FWD turns telecom into a simple extension of consumer electronics business.
The present implementation uses the widely available and cheap ATA-186 (or
cool and expensive 7960) IP phones from Cisco, but there exists few
obstacles to add additional IP phones from other vendors. The consumer
electronics business grows as innovations make earlier devices obsolete.
The improvements create end user demand that makes business in the new
devices larger than the business in the now obsolete devices. The cassette
tape replaced the 8-track tape. The CD replaced the cassette tape. Ad
infinitum.
The amazing durability of POTS did not arise from the fact it represented a
wonder technology. POTS always sucked. POTS persisted for business reasons
associated with monopolization of telecom and not technology or sound
quality. Humans can perceive sound from 50 Hz to 20,000 Hz. POTS captures
sound between 300 and 3300 Hz. The ancient analog loop associated with the
Bell System in the US and monopolies in other countries add various other
impairments to this already poor representation of sound. POTs remained
dominant until now, because the monopolies managed to keep innovation
illegal for most of the 20th century and thwart the recent desire of policy
makers to enable competition. Anyone in the competitive telephone business
can relate stories about the predatory tactics of the monopoly. The
survival of POTS has nothing to do with R&D.

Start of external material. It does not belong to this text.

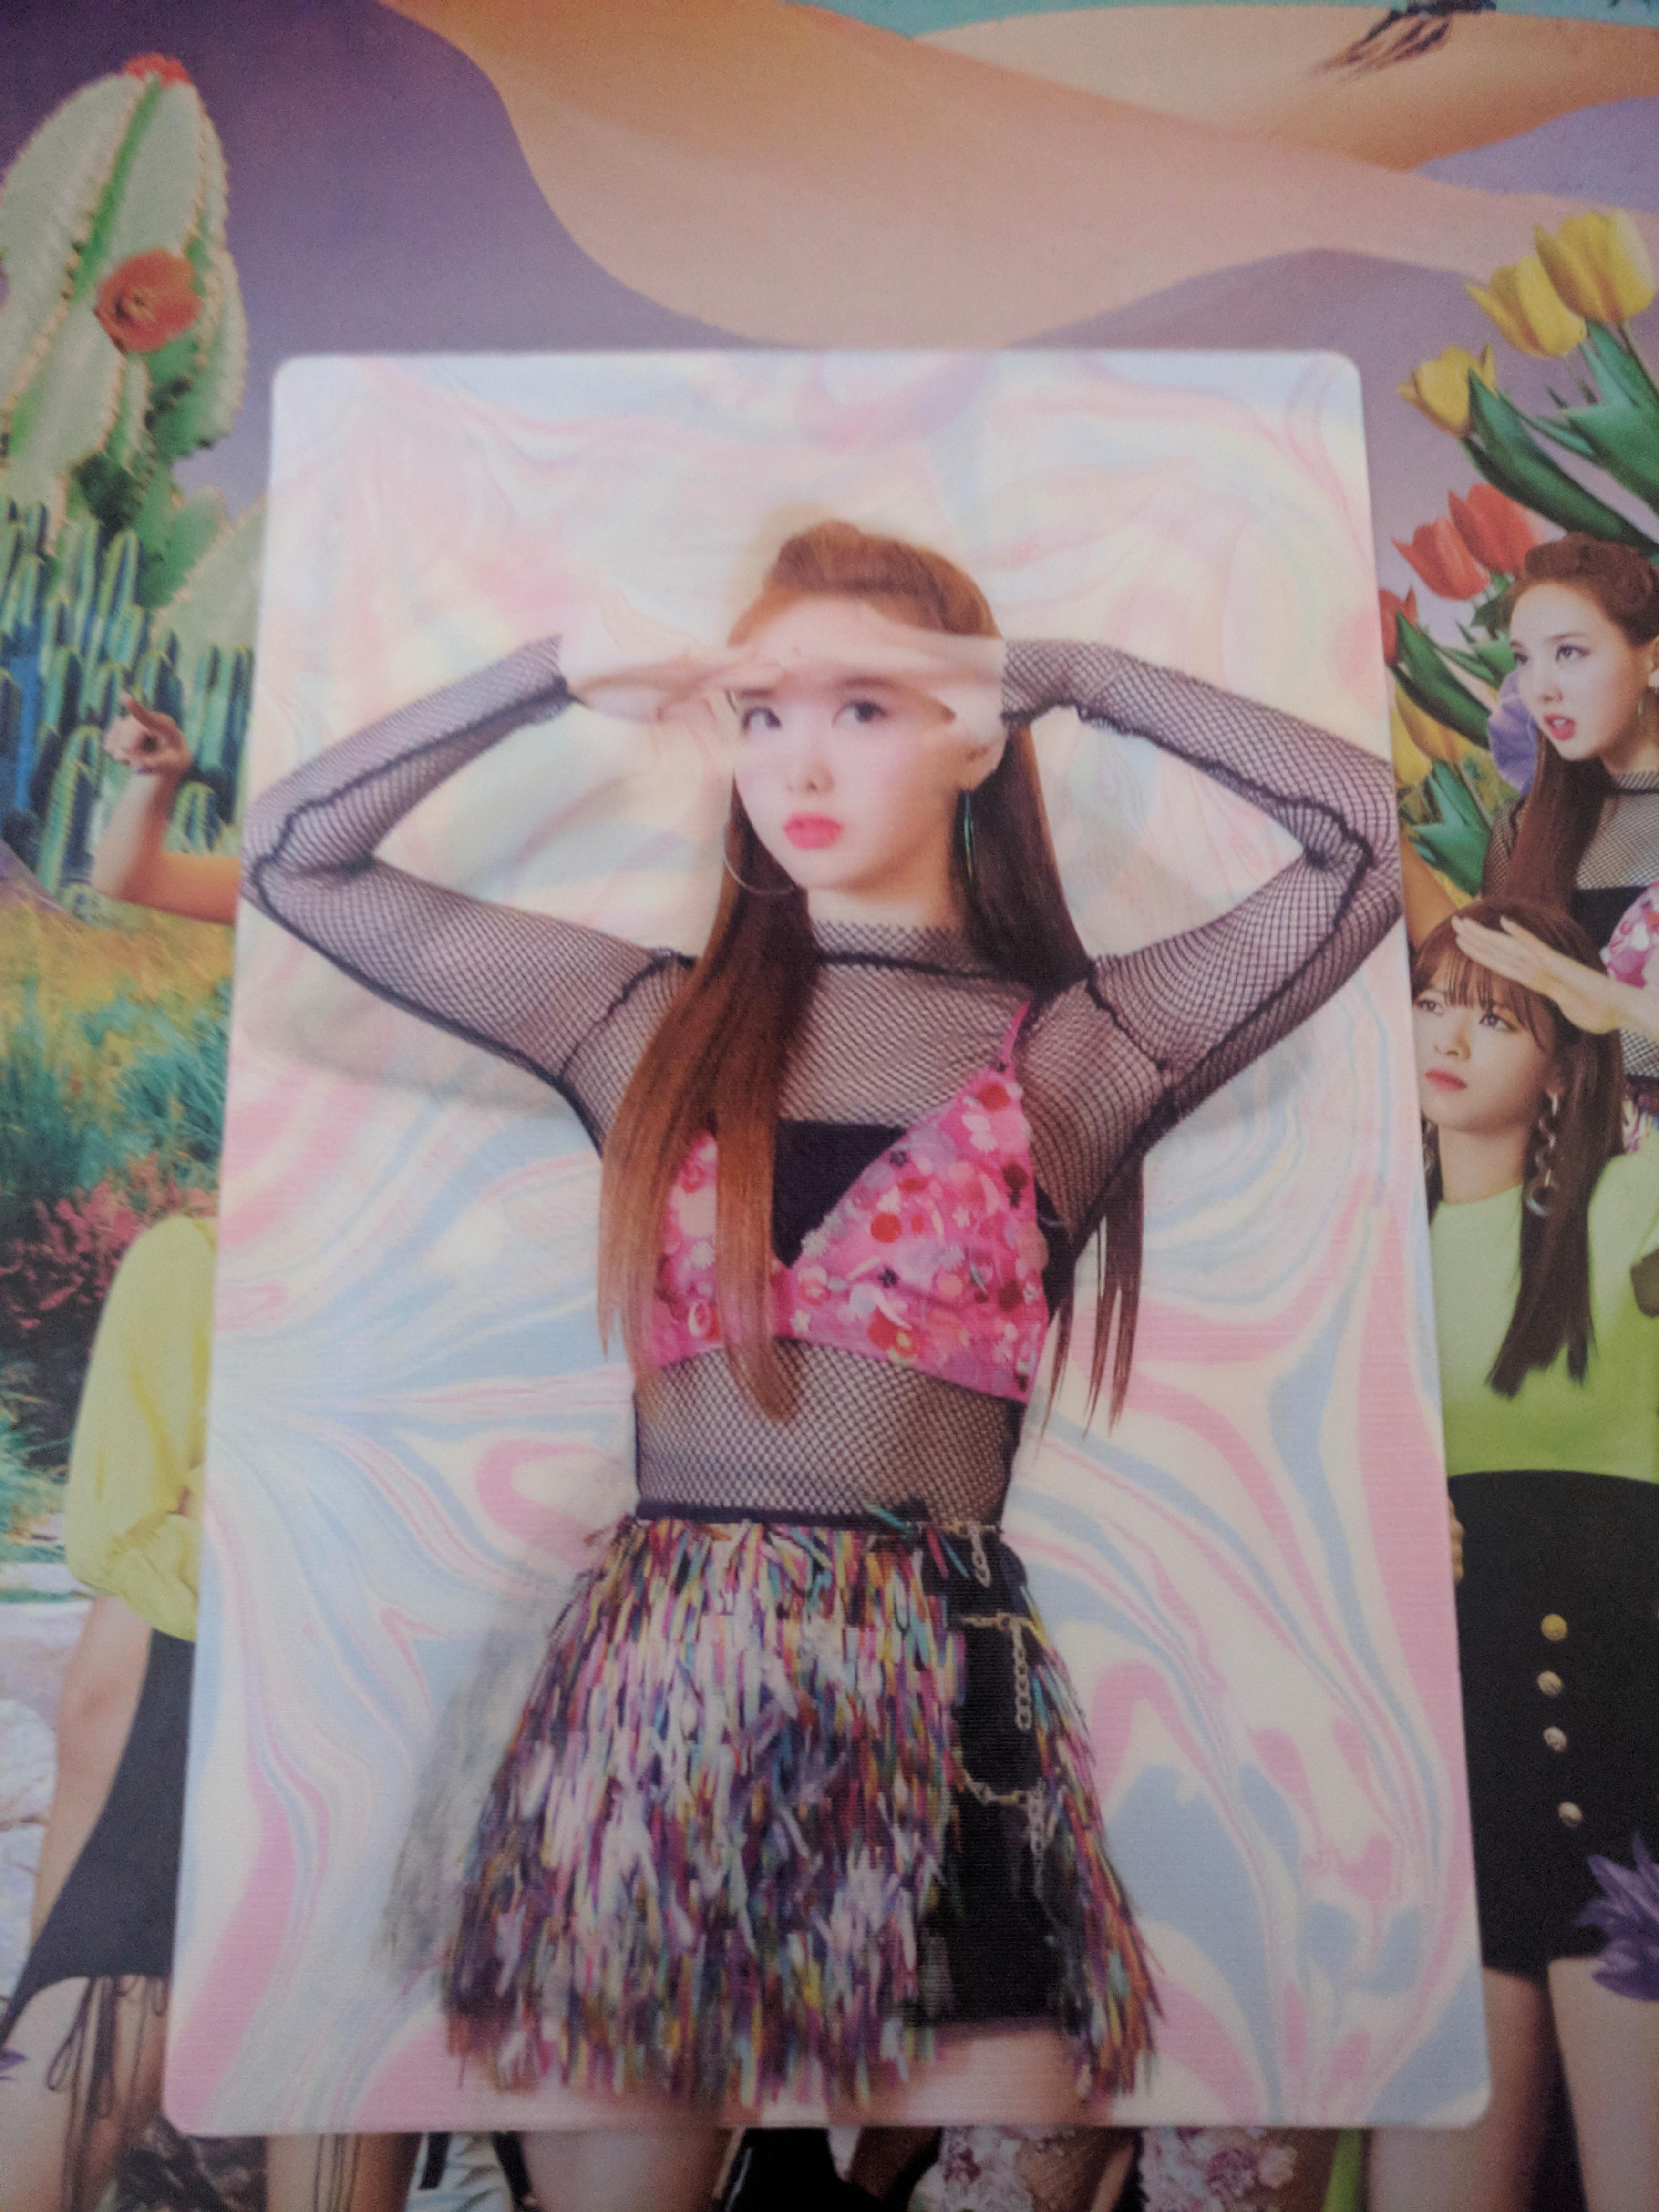 WTT]Twice Fancy You lenticular, Entertainment, K-Wave on

The world might never know about Free World Dialup and the revolution of
voice over broadband except that the monopolist's immune system response to
innovation seems unlikely to work this time. The Bell companies in the U.S.
already set in motion plans to limit Internet telephony's access to
traditional telephone numbers, but Free World Dialup uses its own dialing
plan. The Bell companies have asserted that Internet telephony providers
should pay the same access fees that destroyed the business models of AT&T,
Worldcom, and other IXC's, but doing so will just drive IP telephony off
copper toward coax, wireless, and fiber. The *free* nature of FWD means the
monopolists will have trouble arguing FWD undermines the Universal Service
subsidy scheme. The monopolists can not (finally) decide to increase the
quality of POTS, because the nature of POTS arises from the nature of the
PSTN itself. A better quality POTS means scraping the entire Public
Switched Telephone Network.
The local, state, federal, and international telecom regulatorium seems of
no use as a weapon to stop Free World Dialup. The only hope for the status
quo seems arguing telephony devices should not get IP addresses or the
incumbents might concede the nothing lasts forever. The transition away
from POTS will likely follow the transition from traditional mail to email.
It will take some time before everyone has a FWD address. People presumably
still use traditional mail even 10 years after email escaped academia.
Nonetheless, increasing ease of use, growing awareness, and cheaper better
IP phones mean the remarkable reign of POTS nears an end.